No, Ana, la culpa no fue de la manifestación del 8M. Tampoco, aunque te gustaría reprochárselo, del mitin de Vox en Vistalegre. Ni siquiera de todos los partidos de fútbol que se celebraron también aquel domingo en estadios rebosantes de gente, con cientos de personas volviendo a sus casas en vagones de metro funcionando a pleno rendimiento como si fuera hora punta…
La culpa tampoco es del Rey Emérito, ni del hijo, el Reyecillo que lo llamaba tu padre, por más que el otro día gritaras desde el balcón agitando la cacerola como si no hubiera un mañana, aprovechando de paso para desahogar tu ansiedad de mujer confinada.
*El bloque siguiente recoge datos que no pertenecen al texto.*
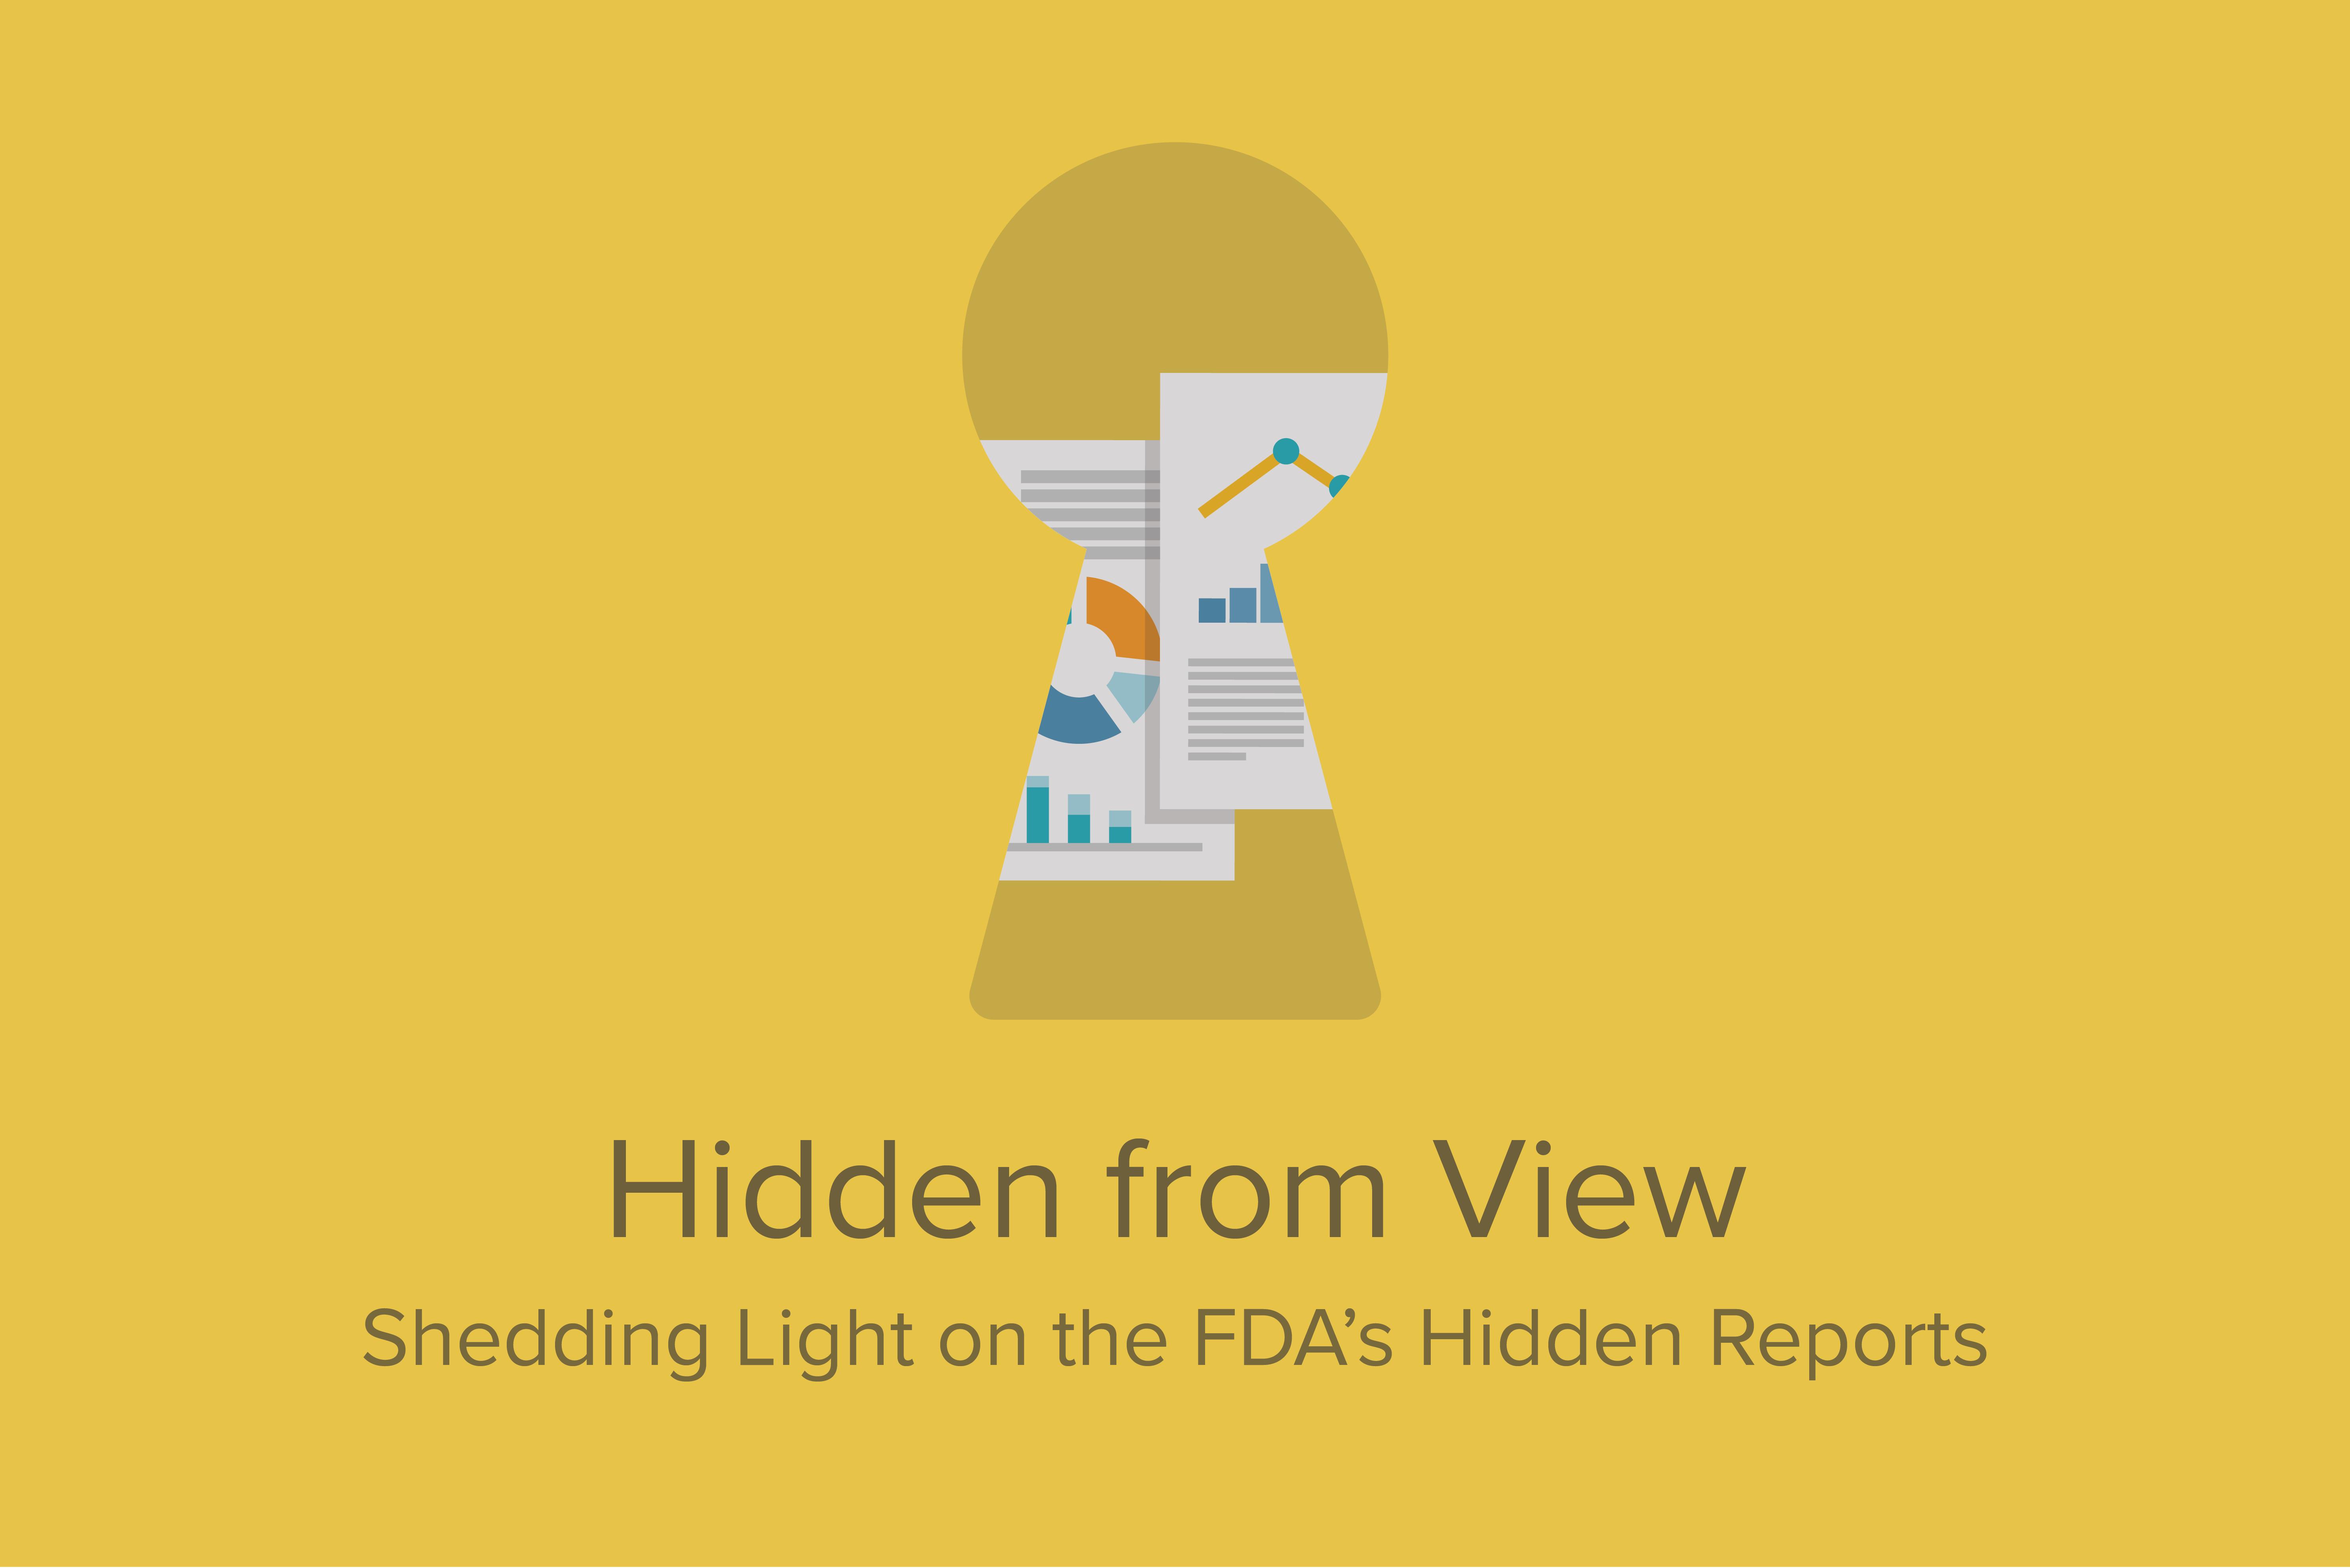 Shedding light on the FDA's hidden reports

La culpa no es de Pedro Sánchez, ni del Coletas, ni de la vicepresidenta, ni de Casado ni de Arrimadas, ni del Torra, ni del Bruce Willis que quiere echar a pelear sus anticuerpos patriotas con los malditos virus orientales…
La culpa tampoco es de Amancio Ortega.
No te envenenes, Ana, no hay culpables. No leas en Facebook a quienes se dedican a insultar, a “destapar las verdaderas verdades”; si es un buen amigo o amiga deja de seguirlo una temporada, no te hace bien. Olvídate del Twitter. Si antes ya te angustiaba, ahora es un puro pozo de ira, rencor y odio. Antes de lanzar una piedra o una idea increíble sobre esa conspiración secreta que se te ha ocurrido a ti y a nadie más, párate y piensa qué aportas, de qué sirve a los demás tu alarde de inteligencia superior, qué gana la humanidad con tu delirio. Si tienes una buena idea, lánzala, pero no a posteriori. Desecha los audios apocalípticos del cuñado enfermero de tu prima que profiere insultos contra los políticos, raciona el guasap, mira el telediario solo una vez al día, preferentemente un telediario sobrio, sin grandes aspavientos, huye del amarillismo como del mismo virus, no te aporta nada, te aturde, te quita el aire…
Ya sabes lo que hay, ya lo sabemos todos, no nos lo tienen que repetir a gritos los agoreros: los hospitales están colapsados, la gente muere, los profesionales, agotados y sin medios, tienen que decidir a quién intentan salvar y a quién no, todavía no hemos llegado a lo peor, todavía no sabemos siquiera cuánto tiempo tendremos que estar aquí, ni sabemos qué va a pasar con el curso escolar, ni con las empresas que están (estamos) suspendiendo la actividad, quién va a pagar (o no) todo esto, qué va a ser de nosotros…
Rechaza los pensamientos negativos. No sirven para nada, PARA NADA.
Quédate, Ana, con quien tiene una sonrisa en medio de la incertidumbre. Con quien tiene un gesto humano de compresión con aquello que no comprende. Con quien guarda la ira y saca el alma, con quien respira y espera. Respira tú también. La culpa no es de nadie. Lo que ha sucedido, ha sucedido. Abandónate a lo que es. Resígnate. Observa. Mira. Aprende. Vive esto. ¿Cómo es tener tiempo para escucharse tanto? ¿Cómo es darse cuenta de que tanto afán y tanta lucha diaria en nuestra anterior vida tampoco nos llevan mucho más lejos de donde estamos ahora, entre estas cuatro paredes de nuestro propio pensamiento? ¿Cómo es encontrarte contigo misma, a cada paso, en todas las habitaciones de la casa, una y otra vez? Déjate estar en este absurdo, no más absurdo que lo que antes tenías; haz videollamadas, brinda con los amigos. Busca la bondad de lo que te rodea, hay mucha gente que está sacando lo mejor de sí, sal al balcón a las ocho y aplaude, aplaude al mundo y a cuanto de bueno hay en él, que lo malo no te deprima, que la cara oscura de las cosas no te hunda. Sé práctica, Ana. Lo más importante, ya lo dijo el militar ese el otro día en el telediario, es tener moral de victoria.
Cuando todo esto pase, con un poco de suerte, no seremos los mismos. Y a lo mejor podremos comprender un poco más, con las carnes, los otros dramas que nos llegan a diario desde tantos sitios del mundo.